Zelenka had walked out of the jumper at the sound of the commotion to see what was going on, McKay had lagged behind as he maneuvered his way through laptops and cables on the jumper floor.

The marine was backing away from the others; he had almost passed their jumper when he looked across at Zelenka. The marines eyes widen, screaming Wraith at the top of his voice, he pulled the biggest knife Zelenka had ever seen and charged at him. Zelenka was suddenly pulled backwards, landing hard on the jumper floor, his head colliding with one of the laptops, the marine was tackled to the floor by …….McKay, in the ensuing struggle McKay had received a cut to his forearm, blood pouring down his arm.

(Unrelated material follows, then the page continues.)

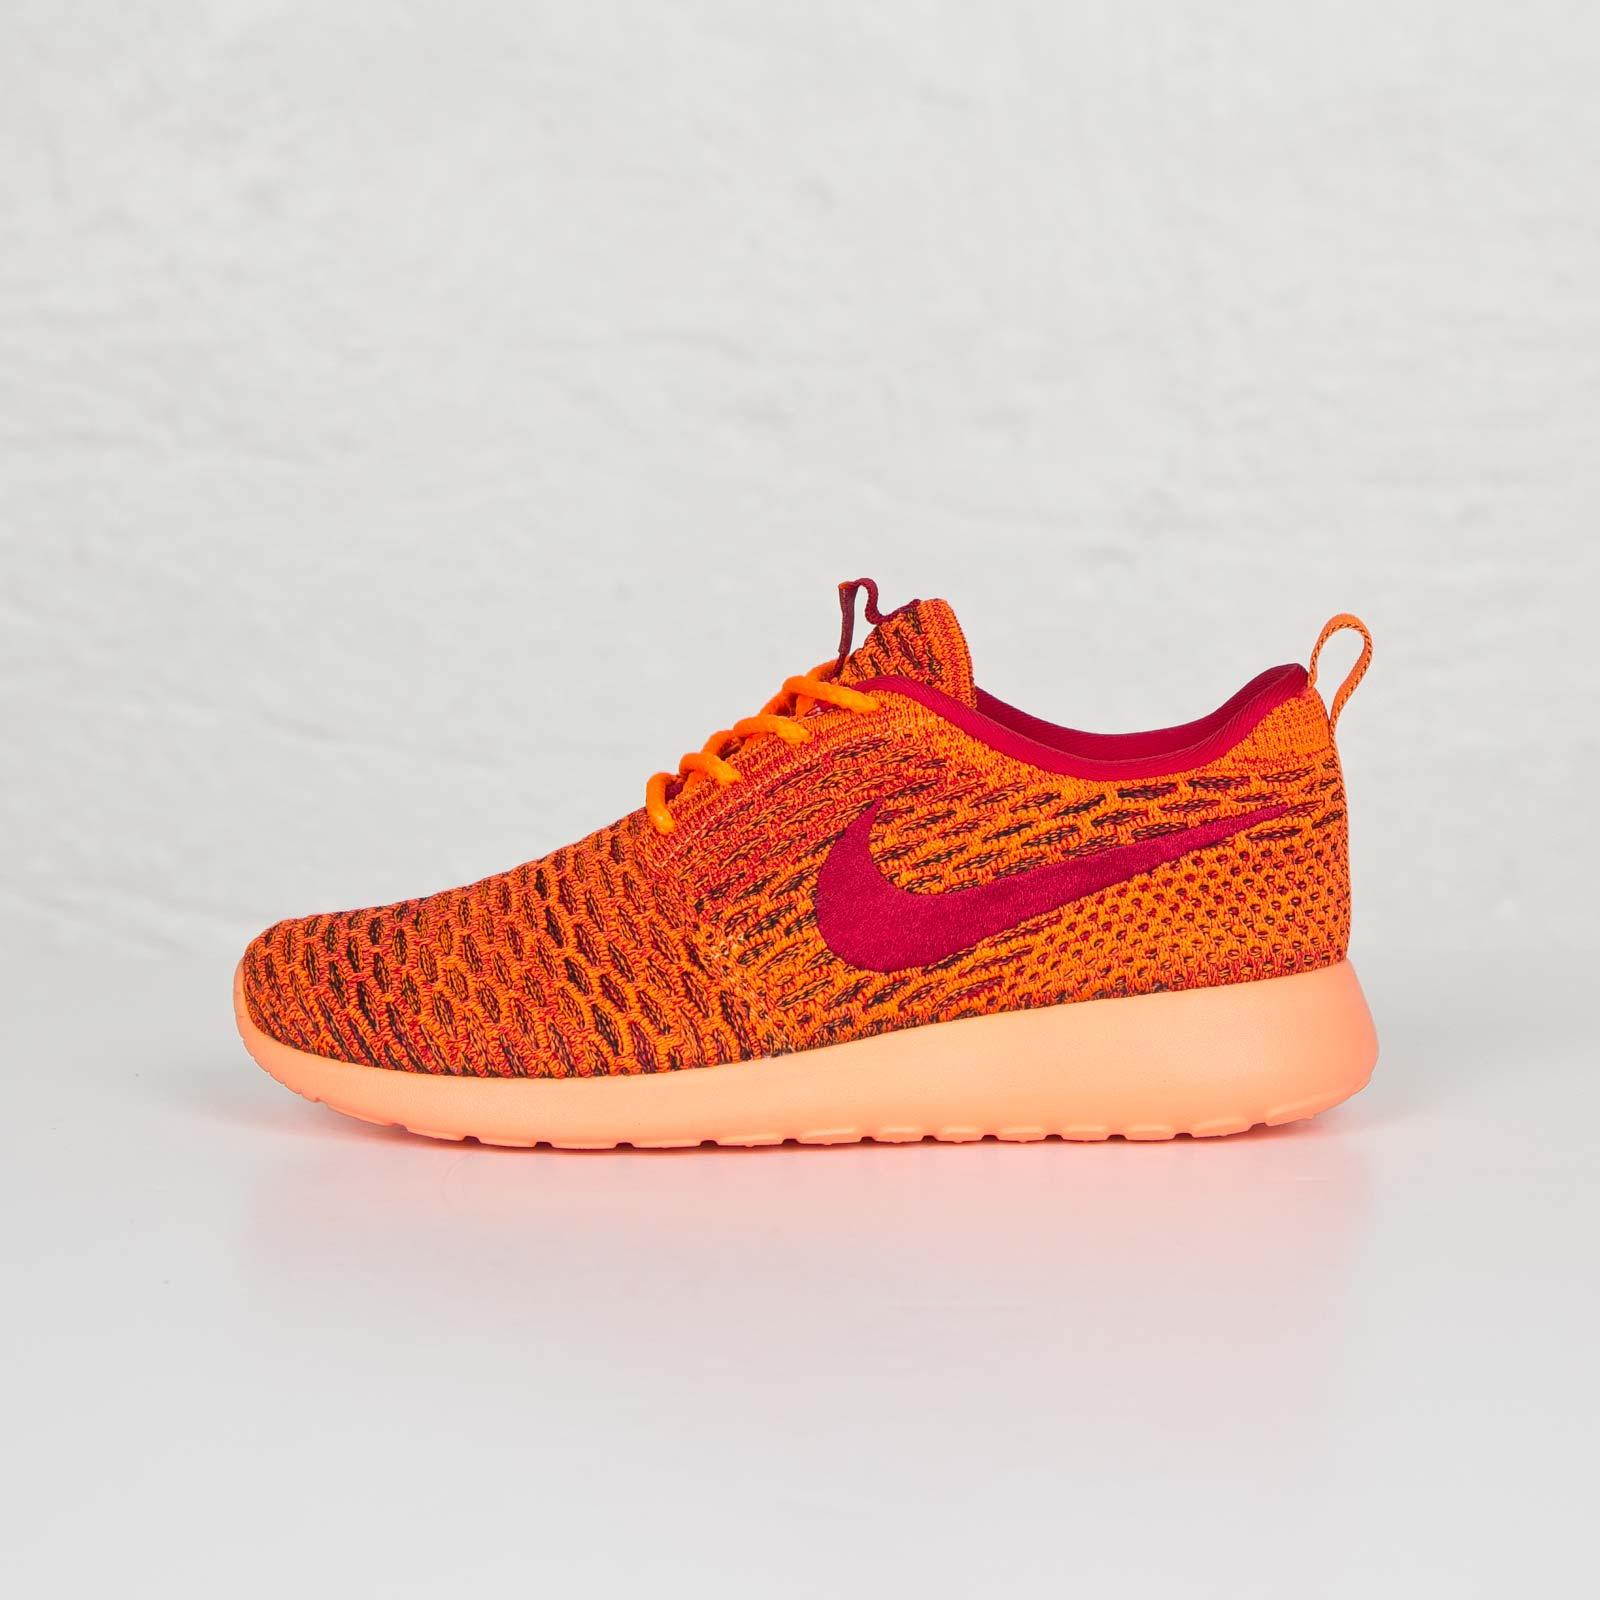 buy popular 15867 6eeb3 Nike Wmns Roshe One Flyknit - 704927-801 - Sneakersnstuff   sneakers    streetwear online since 1999
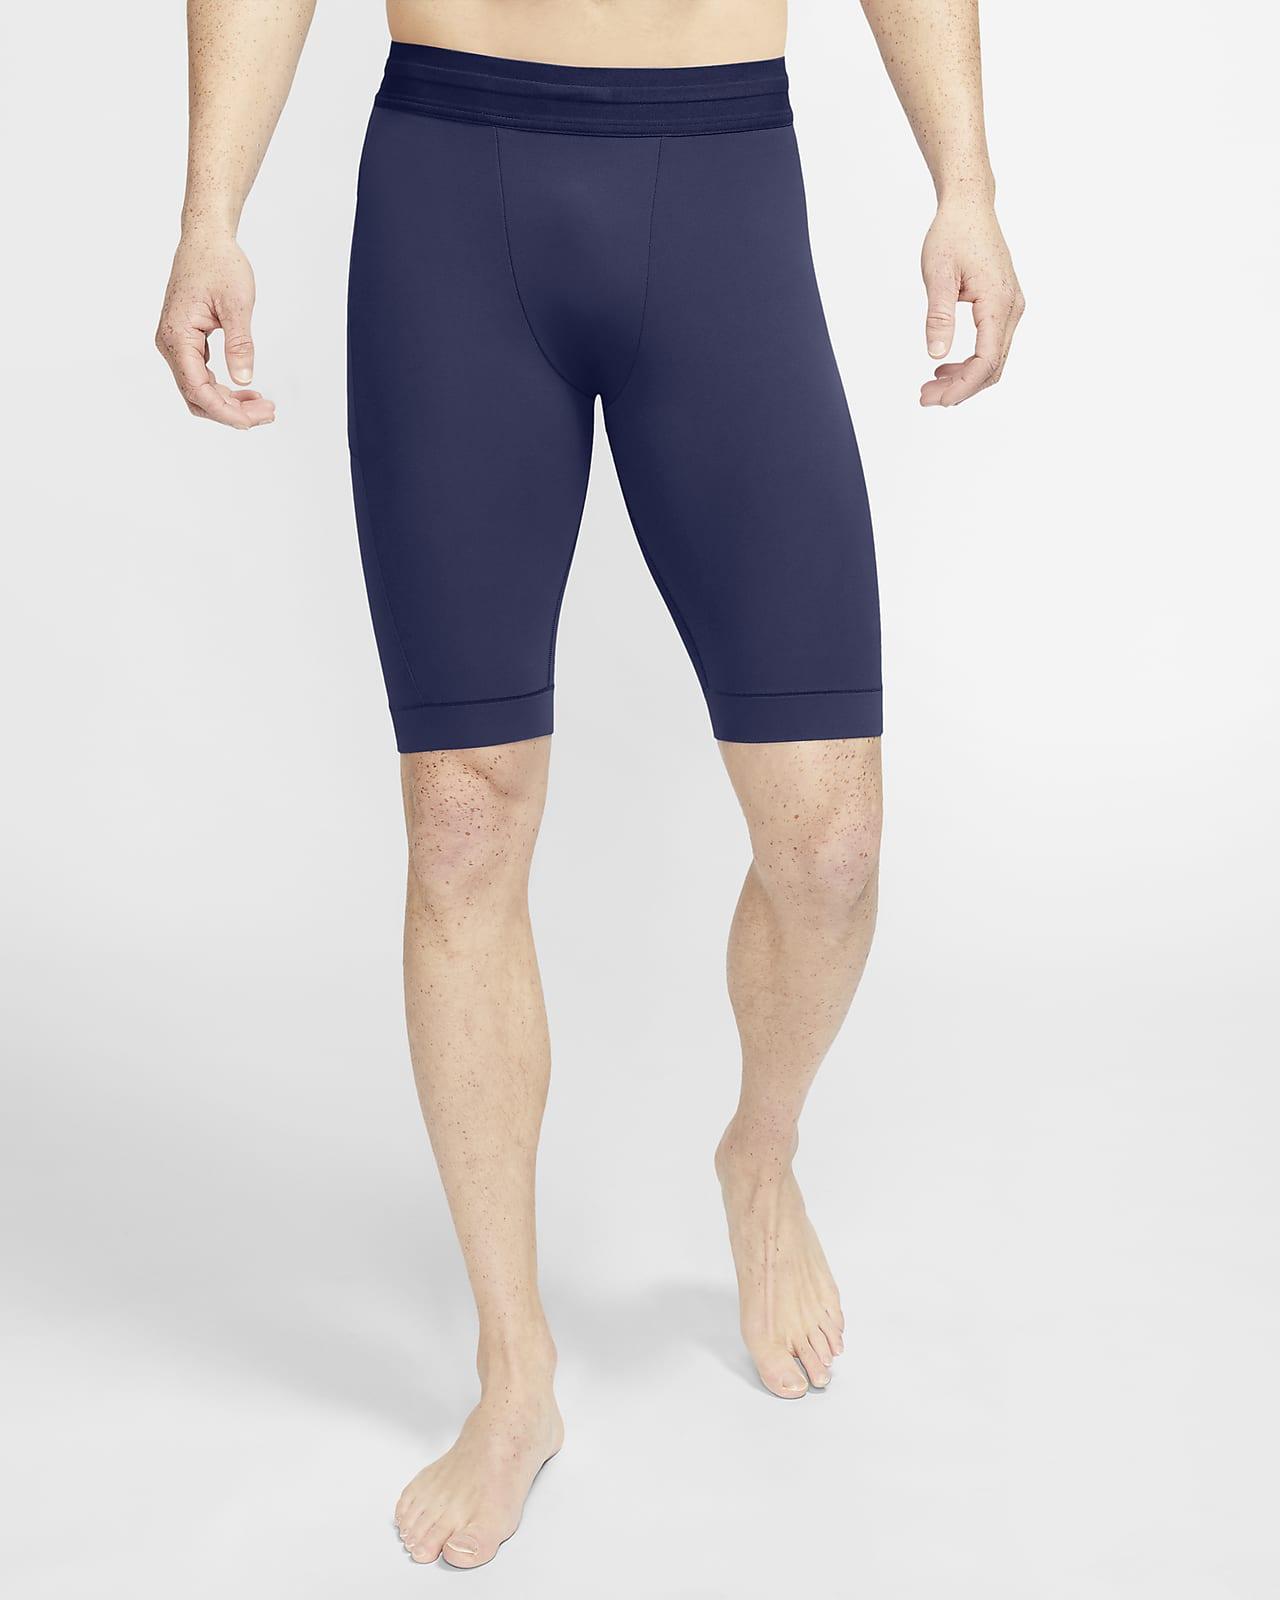 Pánské kraťasy Nike Yoga Dri-FIT z Infinalonu

McKay had gotten control of the knife just as the other marines reached him. A marine had passed a field dressing to McKay, who calmly and efficiently wrapped his arm.

The whole thing had taken seconds.

Zelenka was helped to his feet by McKay who said something that sound like infirmary, indicating his arm and had turned and walked away. Zelenka had blindly followed.

Dr Keller had looked at the wound, deep but nothing too serious and had started to cleanse and stitch it. McKay asking after the marine and then telling Keller what had happened, straightforward, no boasting, just the unblemished truth.

Zelenka had just stared. Stared at the wound, stared at McKay. His brain couldn't comprehend the information it was receiving.

It wasn't that McKay had saved the day; he had a habit of doing that. Or that he had put himself in danger to save another, he had a habit of doing that as well. It was the attitude, the laughing, the joking, the making conversation as your arm was stitched up without a word of complaint. Zelenka's mind raced, doppelganger? Alien infestation? Robot? The man that stood in front of him was a copy, it had no depth. It was pale in comparison to the original. It existed, it did not live.

Zelenka blinked, focusing on McKay.

"I miss you Rodney," he whispered.

"Radek, I'm right in front of you," McKay smiled, before frowning again as Radek felt his legs give out and McKay grabbing him, easing him to the floor, calling back the doctor.

"Concussion" he heard Keller say.

He grabbed a fist full of McKay's jacket. "You're not the real McKay," he said, before blacking out.

He missed the look of utter wretchedness on McKay's face.